• [Information]:
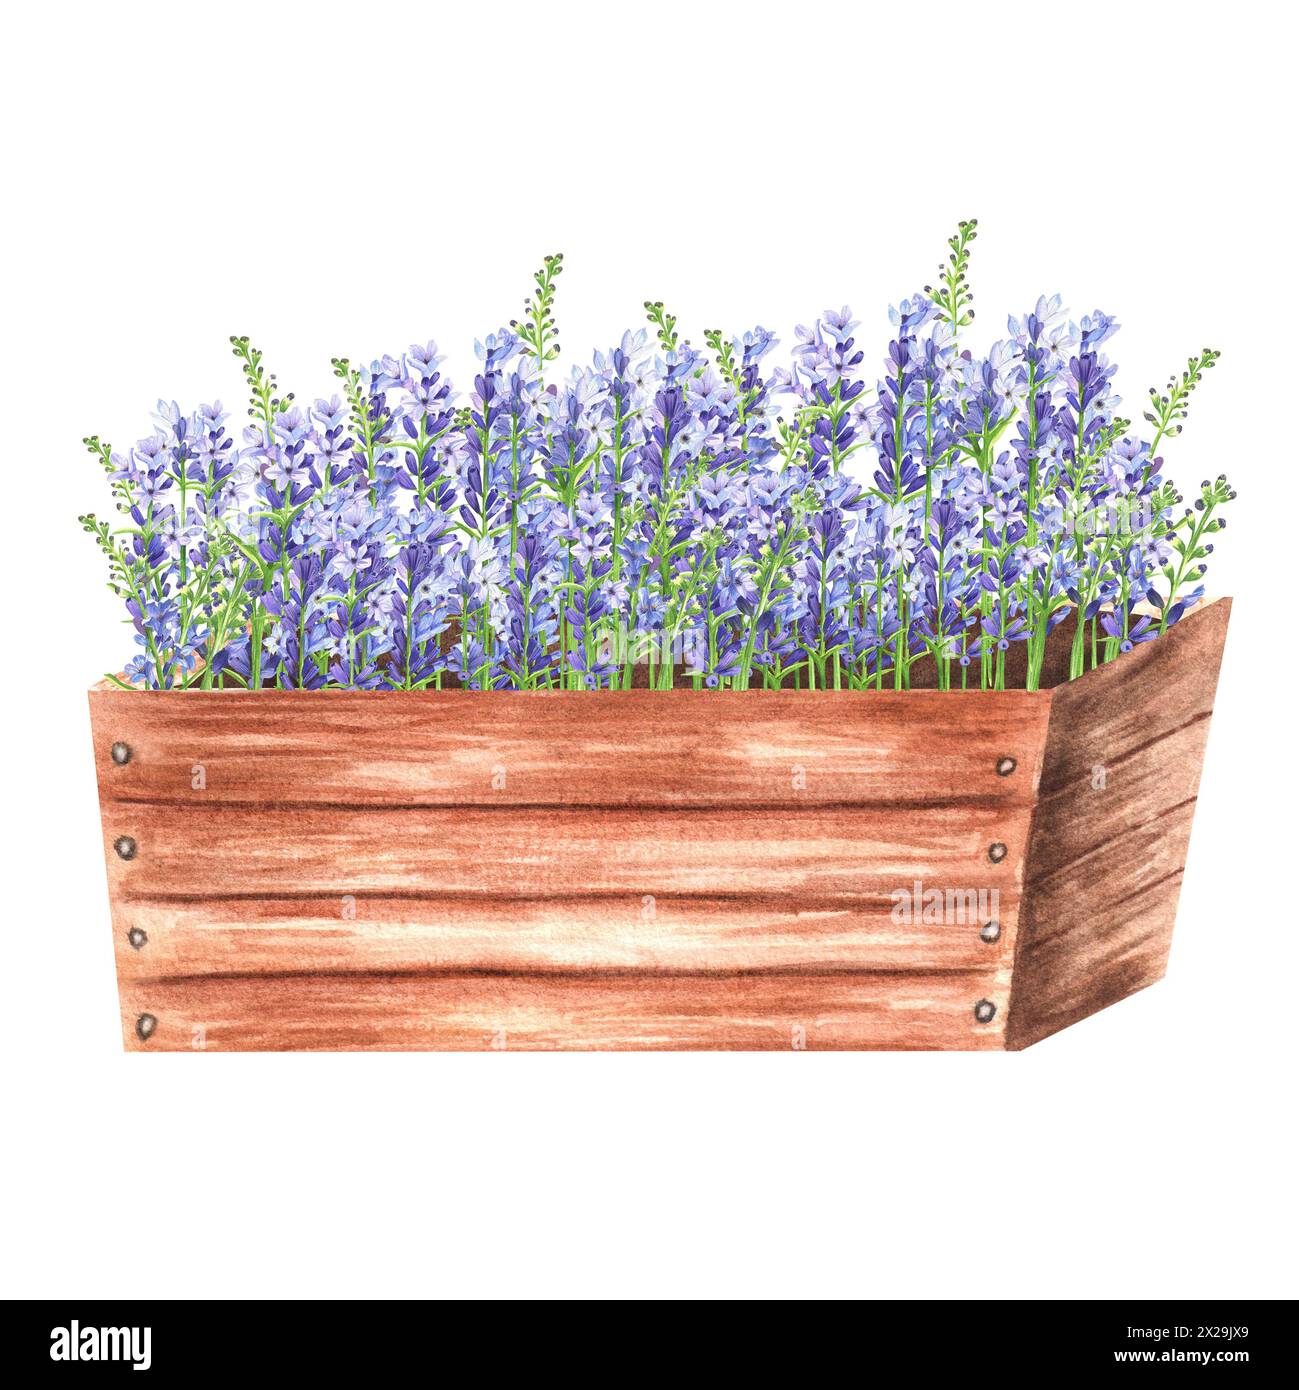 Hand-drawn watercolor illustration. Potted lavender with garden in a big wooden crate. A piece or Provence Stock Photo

--

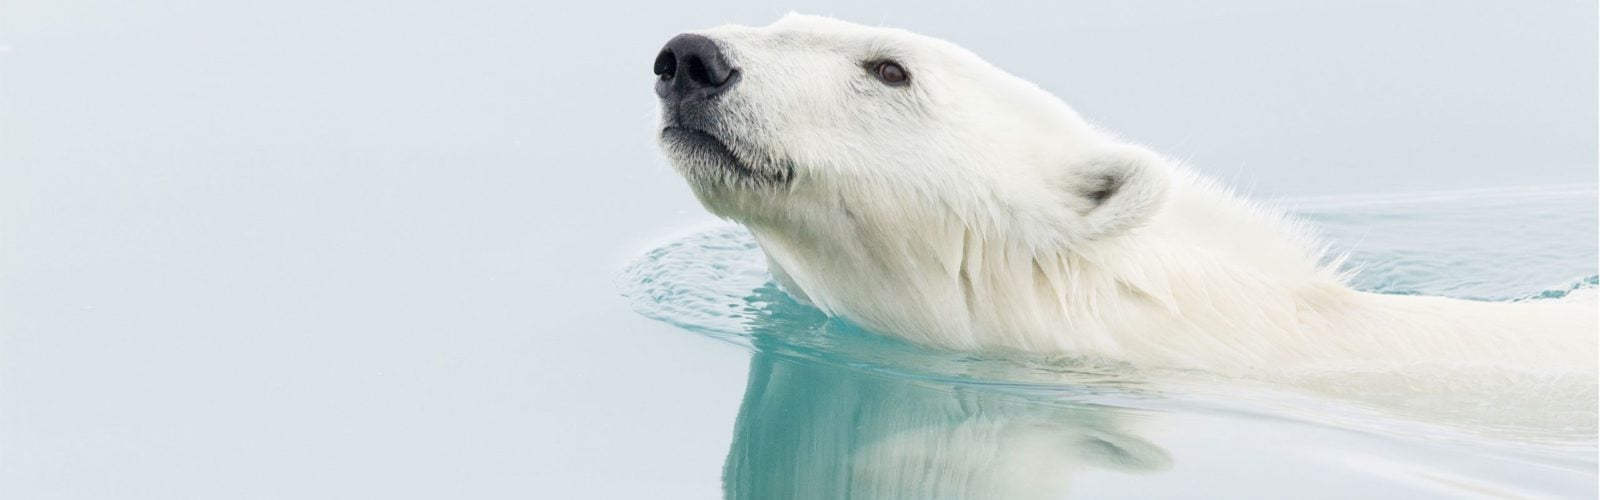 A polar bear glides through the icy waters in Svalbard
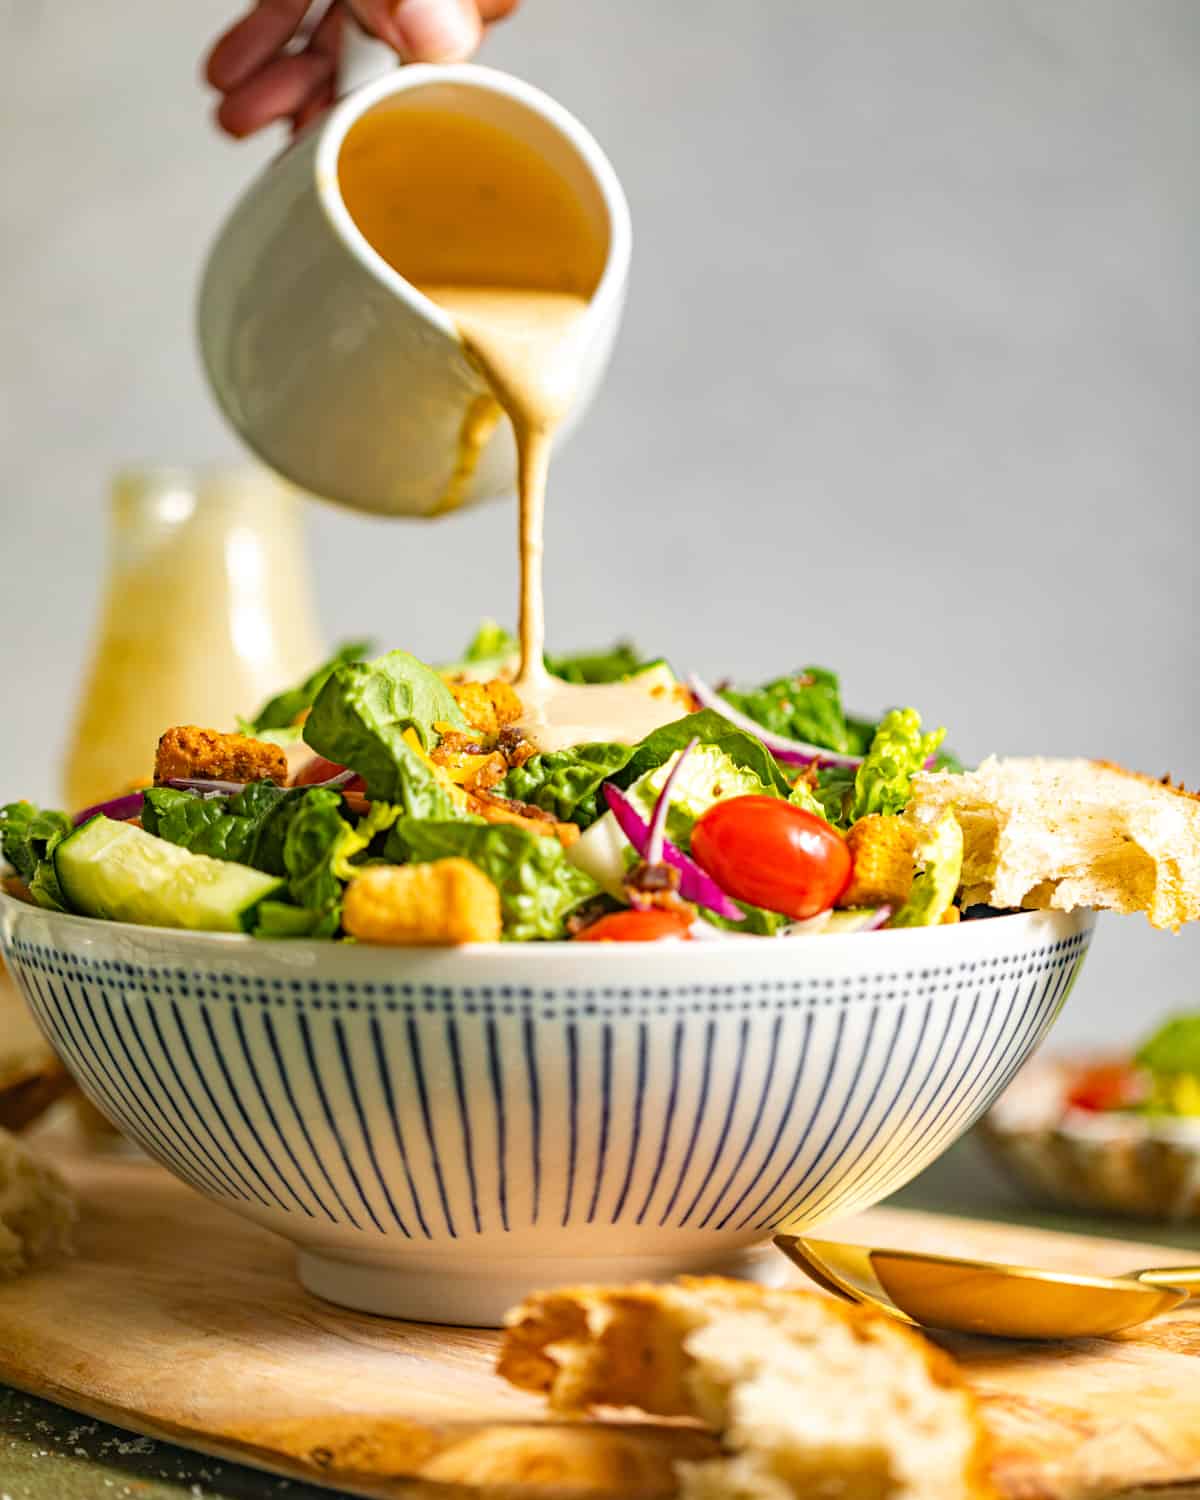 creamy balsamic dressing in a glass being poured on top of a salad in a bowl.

• [Task to carry out]:
Output exactly those lines of the data above that run from the line with "A polar bear" up to and including the line with "creamy balsamic dressing". No pictures go in.

• [Completed exercise]:
 A polar bear glides through the icy waters in Svalbard
 creamy balsamic dressing in a glass being poured on top of a salad in a bowl.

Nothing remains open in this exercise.